BTW, agree completely with Fever Pitch

Dynasty
08-19-2003, 12:55 AM
The book "Searching for Bobby Fischer" was considerably better than the movie.

David Steele
08-19-2003, 01:13 AM
John mentioned the previous thread on baseball books, but
I really enjoyed:

The Glory of Their Times by Lawrence Ritter

after hearing about it here.

D.

M2d
08-19-2003, 02:13 AM
Boys of Summer-Roger Kahn
any Roger Angell

Sooga
08-19-2003, 02:57 AM
Certainly you've read 'Ball Four' by Jim Bouton.... a great book, even if you've never even heard of the sport. If you're just a pure baseball fan, you need to get Bill James's New Historical Baseball Abstract.

Cyrus
08-19-2003, 08:03 AM
I remember understanding the game for the first time (i.e. understanding that I only thought I understood the game before that) after I read that book by the ex-1986 Mets first baseman.

Ulysses
08-19-2003, 08:12 AM
First off, another vote for Fever Pitch.

A few very well known ones:

David Halberstam - Some gems like The Amateurs, plus a bunch of baseball books for those of you into that.

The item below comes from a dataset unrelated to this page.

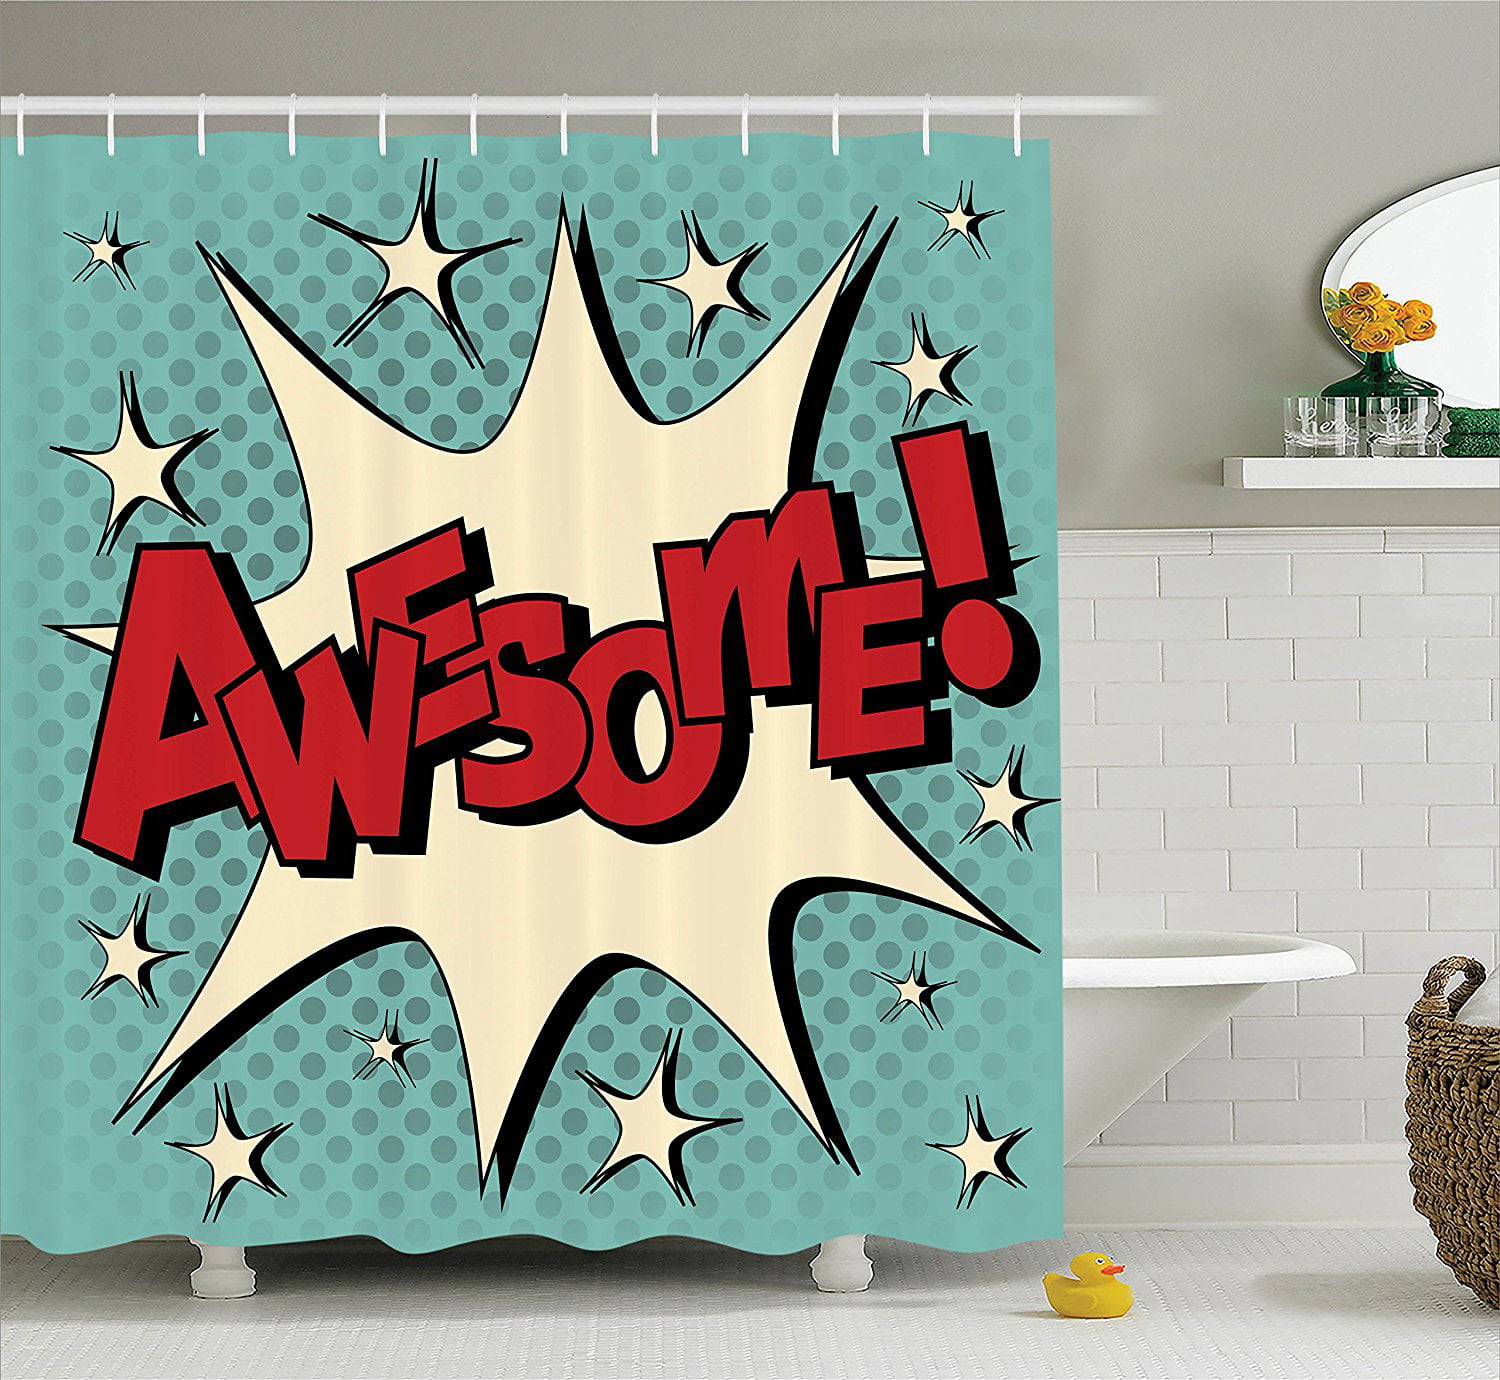 Comic Bubble in Pop Art Style with Awesome and All Star Icon Humor Cartoon 60x72 inches Extra Long Polyester Fabric Bathroom Shower Curtain Vintage Decor Collection Yellow Red Blue

John Feinstein - A March to Madness, The Last Amateurs, Season on the Brink, a few others and of course a bunch of golf books for those of you who into that.

Into Thin Air - Jon Krakauer - OK, more adventure than sport, but probably qualifies

And a few you probably haven't read:

Among the Thugs - Bill Buford - about soccer hooligans. Excellent.

God of the Rodeo - Daniel Bergner - about prison rodeo

and lastly, a really outstanding book:

Word Freak - Stefan Fatses - about competition Scrabble players. This was a really great read.

Mash
08-19-2003, 11:31 AM
I agree, "Ball Four" needs to be on top of everyones sports/games book list.

Also Tom Lasorda's autobiograghy is a great read. Even if you are not a Dodger fan you will enjoy this book.